Bij besluit van 1 oktober 2013 heeft het Uwv beslist dat appellante niet langer tot de doelgroep van de Wsw behoort en om die reden geen Wsw-indicatie krijgt.
1.4.
Bij besluit van 21 januari 2014 (bestreden besluit) heeft het Uwv het daartegen door appellante ingediende bezwaarschrift ongegrond verklaard.
2. Bij de aangevallen uitspraak heeft de rechtbank het beroep van appellante tegen het bestreden besluit ongegrond verklaard.
3.1.
Appellante heeft in hoger beroep aangevoerd dat zij wel tot de doelgroep van de Wsw behoort. In dat kader stelt appellante dat zij met de juiste begeleiding wel tot het verrichten van arbeid in Wsw-verband in staat is. Appellante betwist dat zij meer dan vijftien procent van de arbeidstijd aan begeleiding nodig heeft.

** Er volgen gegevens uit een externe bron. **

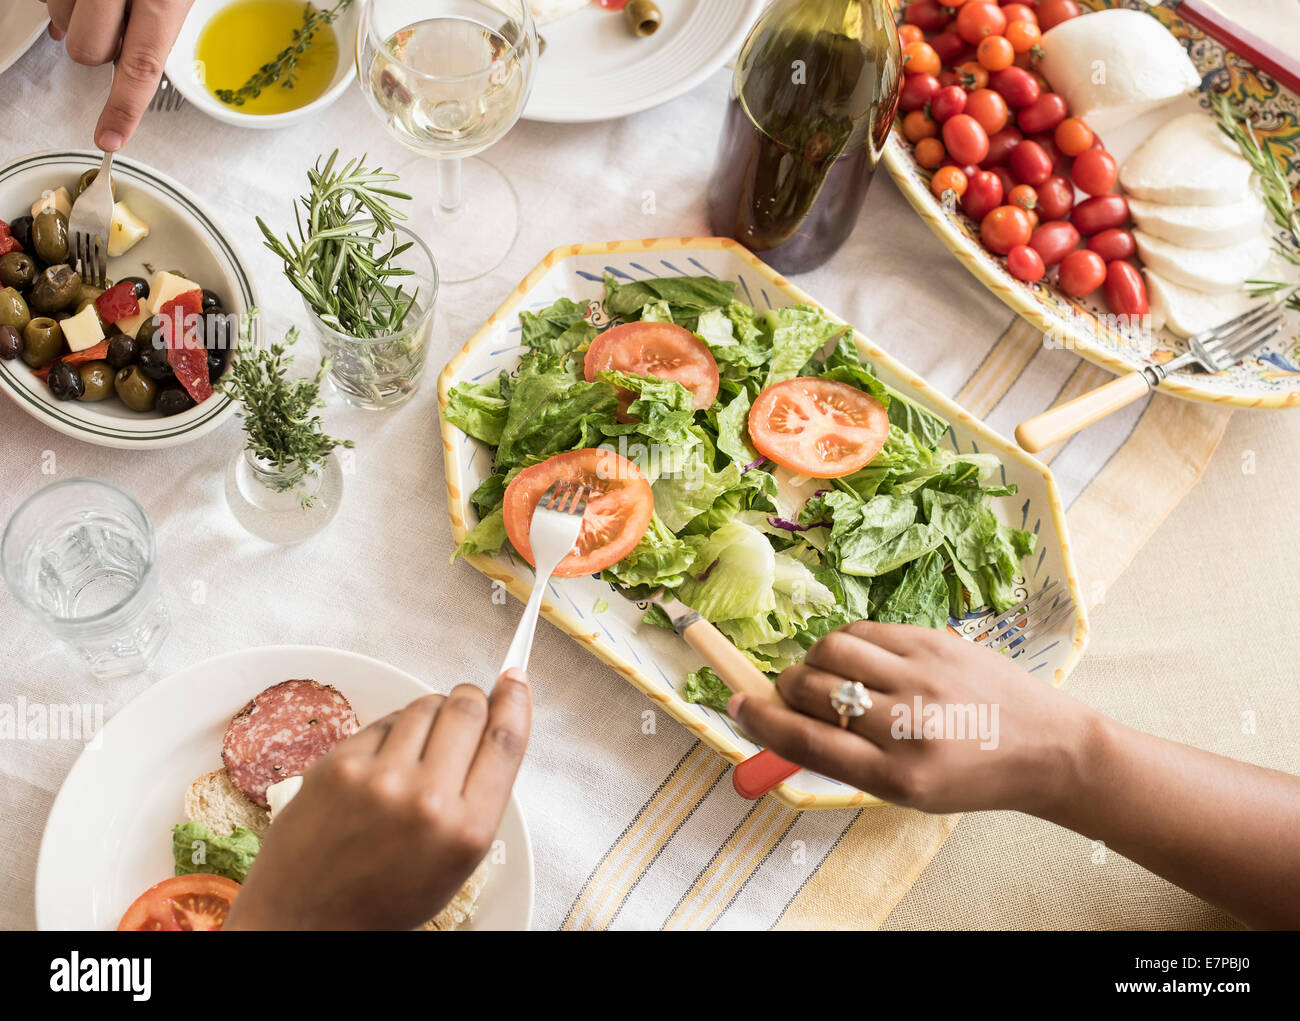 Hands serving salad Stock Photo

4. De Raad komt tot de volgende beoordeling.
4.1.
Het beslisschema dat is opgenomen in de bijlage bij artikel 3 van het Besluit uitvoering sociale werkvoorziening en begeleid werken, bepaalt, wat betreft de beslissing of de aanvrager tot de Wsw-doelgroep behoort in stap drie dat de aanvrager in staat moet zijn arbeid te verrichten met behulp van aanpassingen. In stap zes is bepaald dat de noodzakelijke persoonlijke werkbegeleiding voor de aanvrager beperkt dient te blijven tot maximaal vijftien procent van de te werken arbeidstijd.
4.2.
Uit het advies van 5 april 2013 van de psycholoog, het oordeel van de bedrijfsarts van
18 juli 2013, het arbeidsdeskundig onderzoek van 23 september 2013 en de medische rapportage van de verzekeringsarts in bezwaar van 17 december 2013, komt naar voren dat voor appellante de mate van begeleiding die in het kader van de Wsw kan worden geboden bij de uitoefening van de werkzaamheden niet volstaat. Appellante heeft de inhoud van deze medische stukken niet betwist, noch medische stukken overgelegd die een ander licht werpen op de grote begeleidingsbehoefte van appellante. De Raad ziet geen reden deze onderzoeksresultaten niet te volgen. Appellante heeft externe factoren genoemd, zoals de gang van zaken rondom het overlijden van haar moeder en een vermeende tekortschietende begeleiding door de [groep], die volgens haar invloed hebben gehad op haar arbeidscapaciteiten. De strekking van de diverse medische onderzoeken in aanmerking genomen, ziet de Raad daar - hoe vervelend ook voor appellante na bijna 40 jaar in
Wsw-verband te hebben gewerkt - onvoldoende aanleiding in om te oordelen dat appellante zonder invloed van deze externe factoren wel aan de criteria van de Wsw kan voldoen.
4.3.
Het voorgaande leidt tot de conclusie dat het hoger beroep van appellante niet slaagt, zodat de aangevallen uitspraak moet worden bevestigd.
5. Voor een veroordeling in de proceskosten bestaat geen aanleiding.

BESLISSING

De Centrale Raad van Beroep bevestigt de aangevallen uitspraak.
Deze uitspraak is gedaan door B.J. van de Griend, in tegenwoordigheid van B. Fotchind als griffier. De beslissing is uitgesproken in het openbaar op 21 januari 2016.